以前も触れましたが、公共投資を増やすと経済的にどのような効果があるかというと、建設国債の発行が同時に欧米並の金融緩和となり、行き過ぎた円高が是正されます。ただし、金融緩和については、欧米で実施してもGDPの引き上げ効果が限定的ではないかという反対論があります。確かにその通りで、不況下で企業の投資意欲が減退しているわけですから、単に金融緩和をしただけではせっかくの資金は資源などに向かってしまい、資源高を引き起こします。

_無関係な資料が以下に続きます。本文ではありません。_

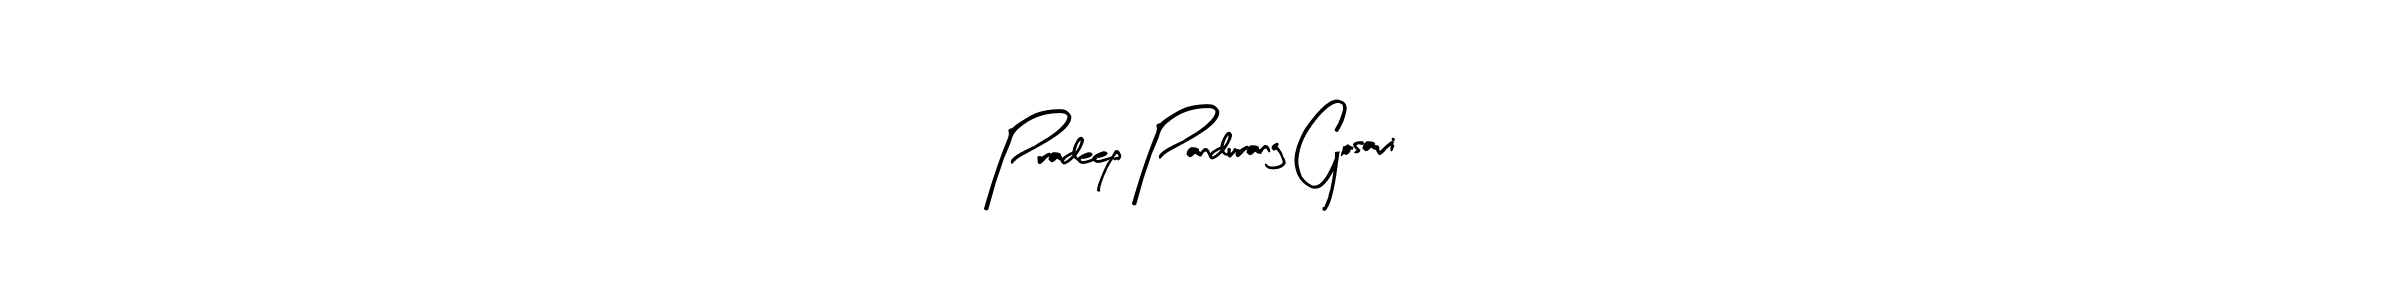 Pradeep Pandurang Gosavi stylish signature style. Best Handwritten Sign (Arty Signature) for my name. Handwritten Signature Collection Ideas for my name Pradeep Pandurang Gosavi. Pradeep Pandurang Gosavi signature style 8 images and pictures png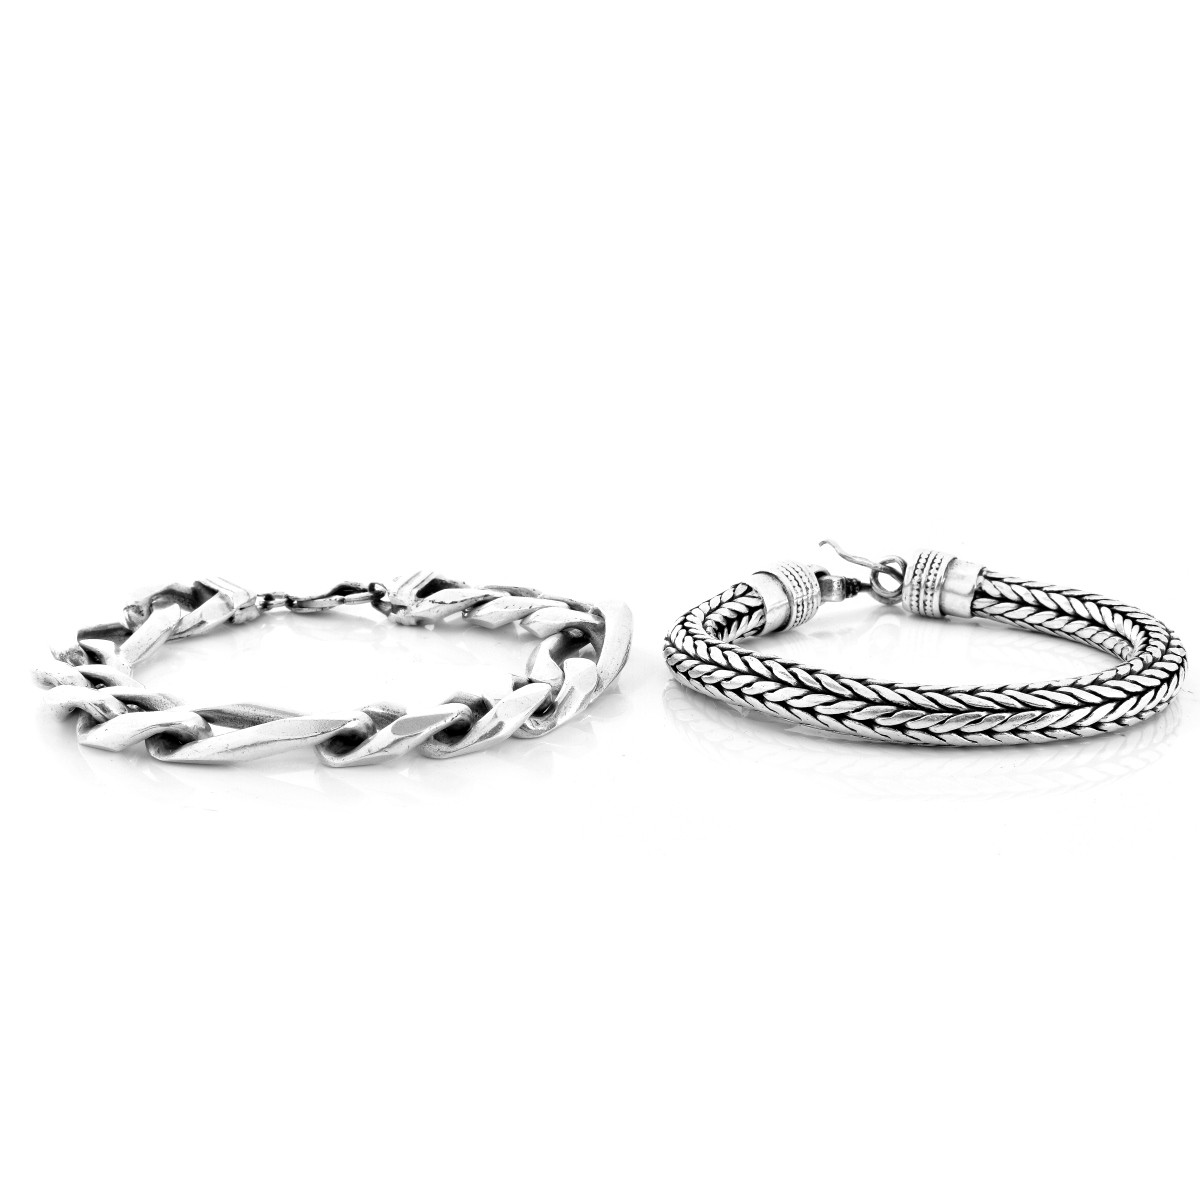 Two Men's Silver Bracelets

資源高になりコストが上がることをコストプッシュインフレと言いますが、そうなると企業は資源によるコスト増を他の項目(主に人件費)の経費削減で補おうとするので、インフレにも関わらず、人件費減・雇用の削減というデフレと同じ悪影響が出てしまうのです。

しかし、公共投資のための金融緩和であれば使い道が決まっているため、投下されたお金はすぐに実体経済に還元されます。そのため、「復興景気で仙台の繁華街が活況」という報道があったように、公共投資のお金がそれを請け負う企業に回り、労働者の雇用および賃金となります。そして、彼らがお金を使うことで、その他の産業が潤うという波及効果が生まれてきます。しかも、現政権は10年かけて国土強靱化を実現しようという政策ですから、これまでの単年度予算では翌年どうなるかわからず、不安でできなかった正規雇用が生まれてきます。建設業者がおいしい思いをしているということで公共事業に反対する人たちも多いと思いますが、実際のところ、建設業の就業者数は1997年の685万人をピークに2009年には517万人まで減少しているのです。

■インフレが止まらなくなる心配はない

こういう話をすると必ずインフレが止まらなくなるという話が出てきますが、2008年以降通貨供給量を3.5倍に増やしたアメリカでも急激なインフレは起きていない上、日本には15年に及ぶデフレギャップがあります。また、円建てで国債発行をしていますので、資金の心配なく日銀による買いオペレーションが可能であり、さらにデフレからインフレに脱却できれば消費税増税によって景気の過熱を冷ますことができます。さらに言えば、インフレによる景気好転で名目GDPが増えた後の消費税増税であれば、増税=税収増につながります(デフレ下で増税しても、法人税・所得税等の減収分が消費税の増収分を上回ってしまうことは、1997年の消費税増税後の実績が証明しています)。

つまり、公共投資は我々と将来世代に安全なインフラを残し、時間差はありますが景気を好転させ、財政赤字を減少させる可能性が高いのです。当社は法人向けサービス業であり、クライアントの皆様のほとんどは消費者向けサービス業ですので、直接的に得られる効果は波及効果・景気上昇効果を待つことになりますが、今を生きる私たちの生命と将来世代への資産を残すためには大切な意思決定だと思うのです。